Conséquence directe, les pilotes sont à la fois stressés et fatigués.  Si les cas d’épuisement en poste peuvent paraître anecdotiques pour les PNC, quand il s’agit de pilotes aux commandes d’un avion, les risques encourus sont autrement plus graves. Si Ryanair n’a, pour l’instant, à déplorer aucun incident majeur, la compagnie s’expose clairement à des risques importants.

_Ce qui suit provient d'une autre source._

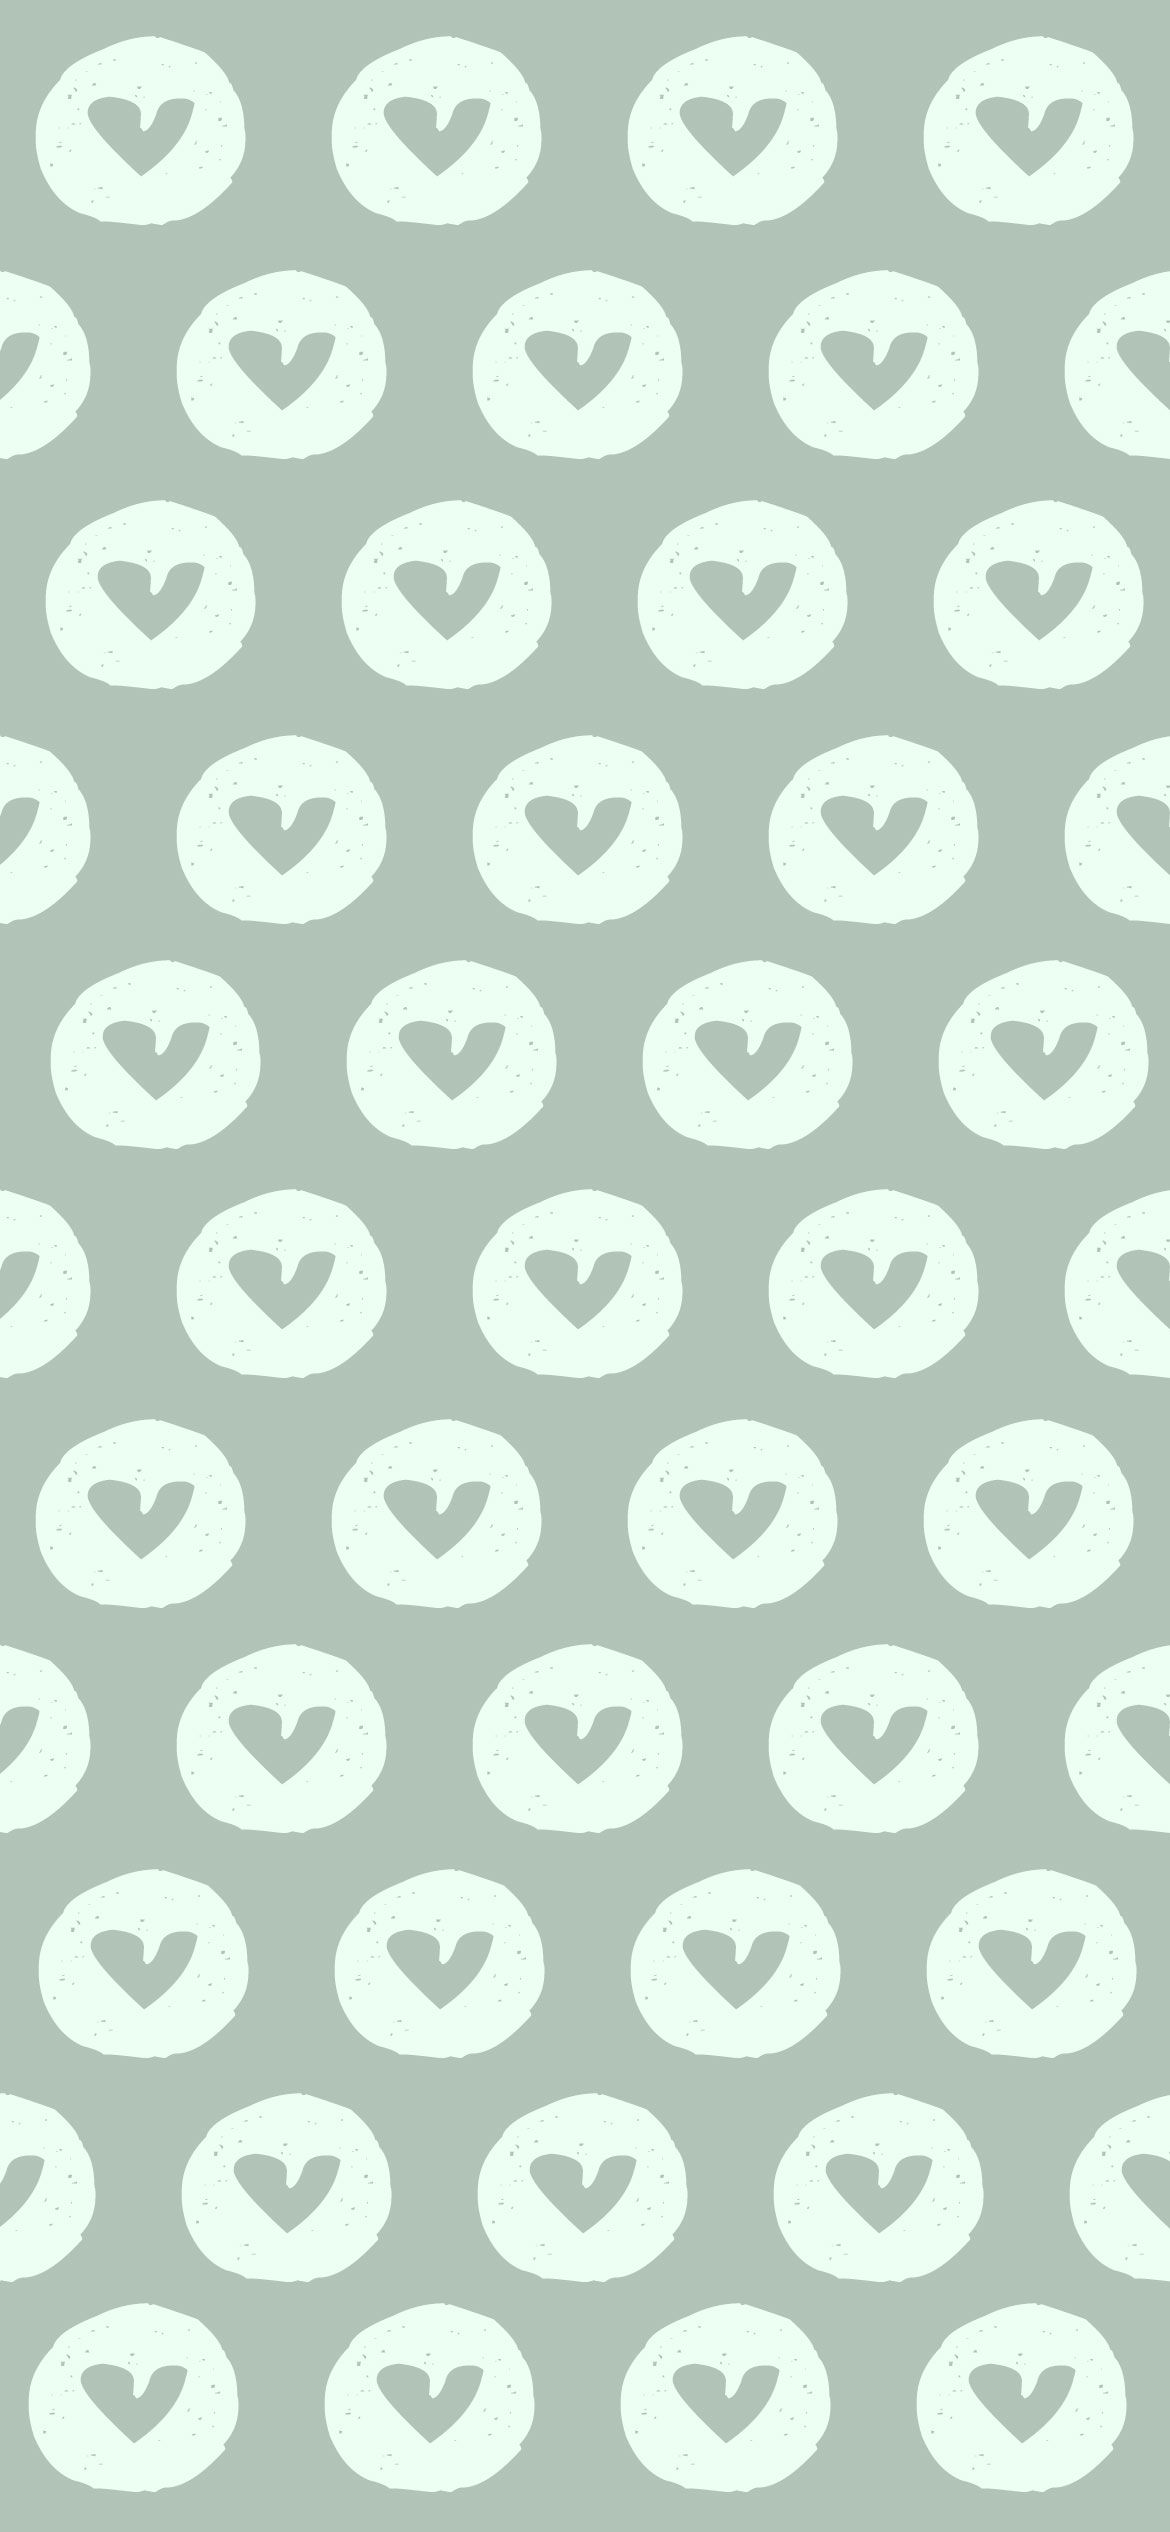 Green and white hearts pattern - Heart, minimalist, mint green, sage green, simple

D’autant que les incidents mineurs se sont multipliés. Avec la hausse des prix du pétrole, la compagnie a fait circuler un mémo dès 2008 interdisant strictement aux pilotes d’emporter plus que le minimum légal de carburant supplémentaire. Résultat, les avions de Ryanair ne disposent à tout moment que d’une capacité supplémentaire correspondant à trente minutes de vol et les pilotes sont tenus responsables des excès de consommation de carburant. Depuis, les approches à haute vitesse (entraînant des atterrissages brutaux et dangereux) sont devenues chose commune et les pilotes sont de plus en plus souvent obligés de se déclarer en état « d’urgence carburant » pour atterrir avant que leurs réservoirs ne soient vides.

De manière générale, la situation des pilotes chez Ryanair n’est pas brillante. Pour atteindre le statut de pilotes, ces derniers s’endettent dangereusement, alors même qu’une fois atteint ce statut, ils ne possédent aucun moyen d’assurer la sécurité de leur emploi. Au contraire, la logique de « diminution des coûts, accroissement de la rentabilité » de la compagnie fait reposer un lourd fardeau de stress et de fatigue sur les épaules des pilotes. Et c’est peut-être ça le plus alarmant, car chaque fois qu’ils vont au travail, ces employés ont la vie de passagers entre leurs mains, des vies qu’ils préservent plutôt en dépit de la compagnie qui les emploie.